By-election to the 26th Seanad

A by-election was due to be held for a vacancy in Seanad Éireann on Monday, 29 April 2024. The vacancy was caused by the resignation for health reasons of Sinn Féin's Niall Ó Donnghaile from the Administrative Panel on 22 January 2024. At the close of nominations on 22 March 2024, only one candidate had been nominated, and Mal O'Hara of the Green Party was deemed elected unopposed.

==Election system==
When a vacancy occurs in the vocational panels, the electorate in by-elections consists of Oireachtas members only. For this election, it consisted of 160 TDs and 58 senators. To be nominated, a candidate must have the signature of nine members of the Oireachtas. Nominations closed on 22 March 2024 at 12 noon. Ballot papers were issued on 15 April 2024 and the polls closed at 11 a.m. on 29 April 2024.

All votes were cast by postal ballot, and counted using the single transferable vote. Under this system, voters can rank candidates in order of their preference, 1 as their first preference, 2 for second preference, and so on.
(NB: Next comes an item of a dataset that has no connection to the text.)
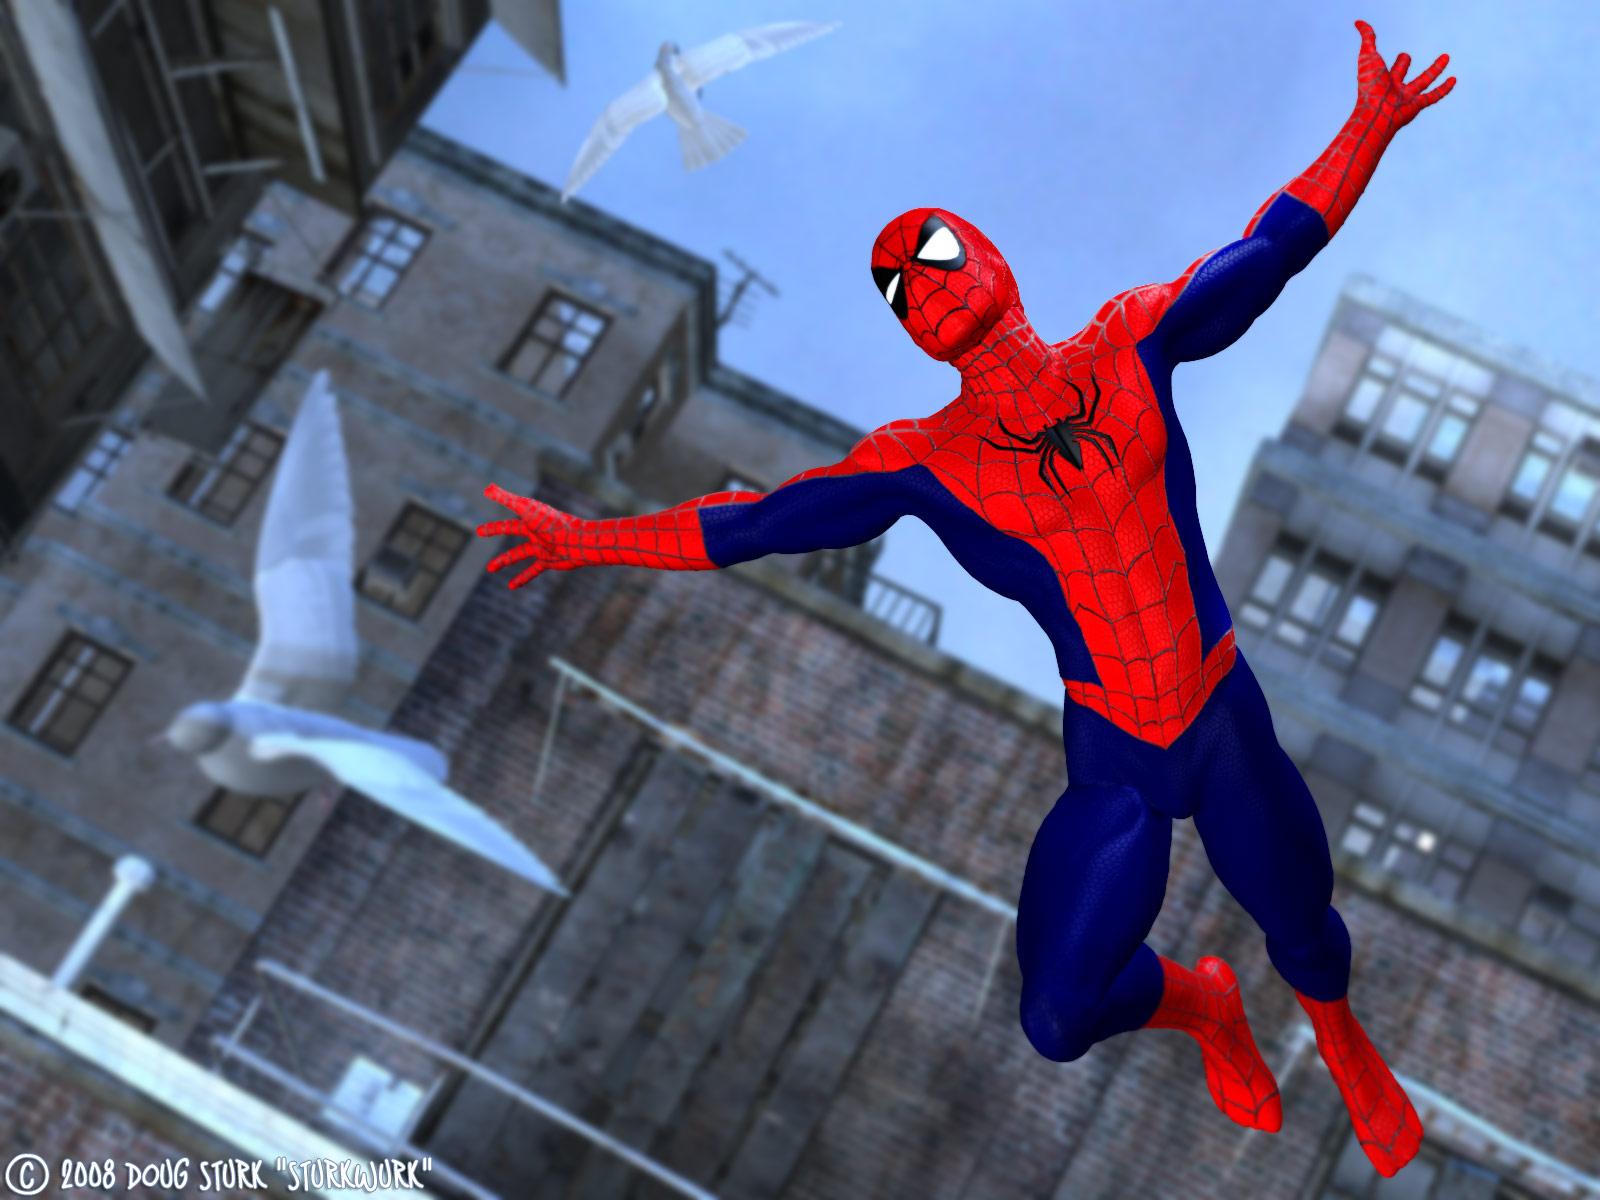 Spider-Man Jubilation 1 of 2
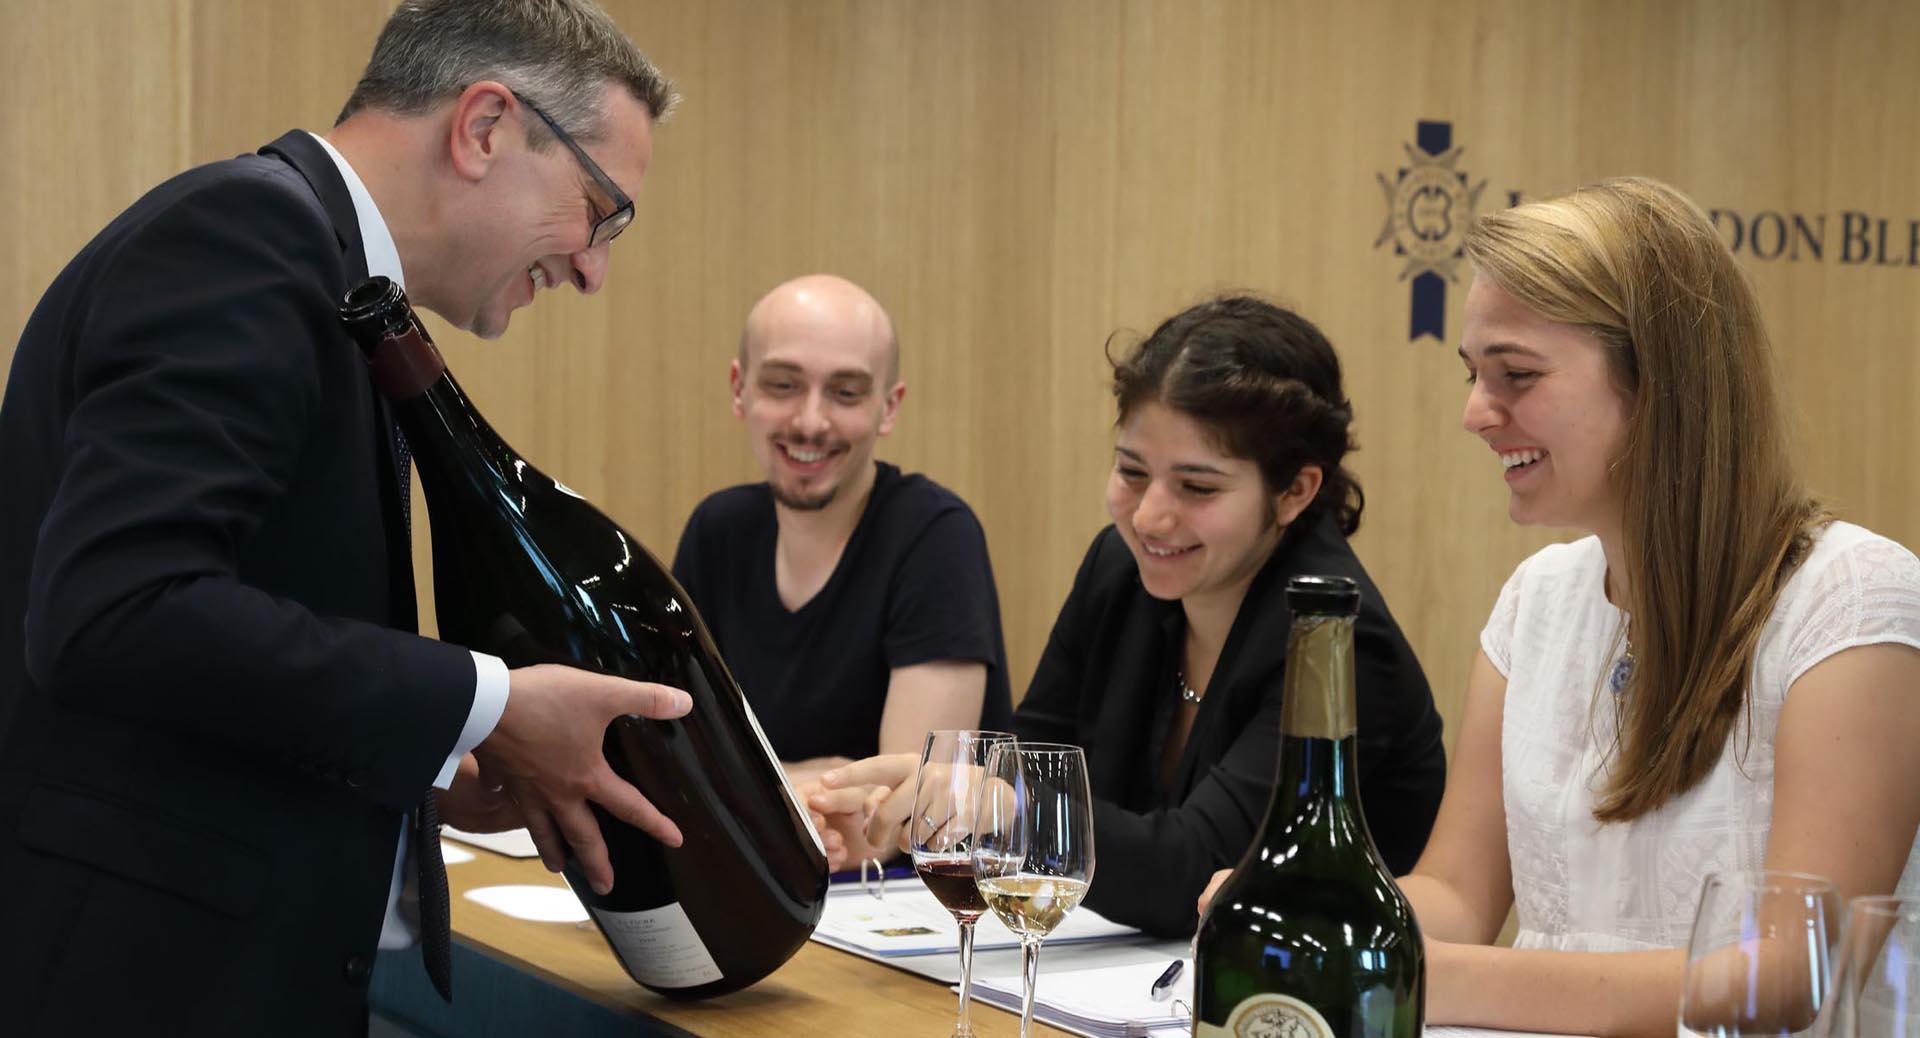 New wine programmes

Ballots are initially given a value of 1,000 to allow calculation of the quota (Droop quota) where all ballots are distributed in the case of a surplus.

==Process and dates==
Niall Ó Donnghaile resigned on 22 January 2024, with a notice of the vacancy sent to the Minister for Housing, Local Government and Heritage on 7 March 2024. The minister is required to make a Seanad by-election order within 180 days after receiving a notice of a vacancy. On 8 March 2024, Minister Darragh O'Brien made an order for the by-election which set the following dates:
- 22 March 2024: close of receiving nominations;
- 8 April 2024: ruling on nominations;
- 15 April 2024: issuing of ballot papers;
- 29 April 2024, at 11 a.m.: close of poll.

==Campaign==
Mal O'Hara was announced as the Green Party candidate on 12 March 2024. On 25 March 2024, it was reported that O'Hara would be unopposed as no other individual received the necessary ten nominations from members of the Oireachtas to contest the election. O'Hara took his seat on 8 April 2024.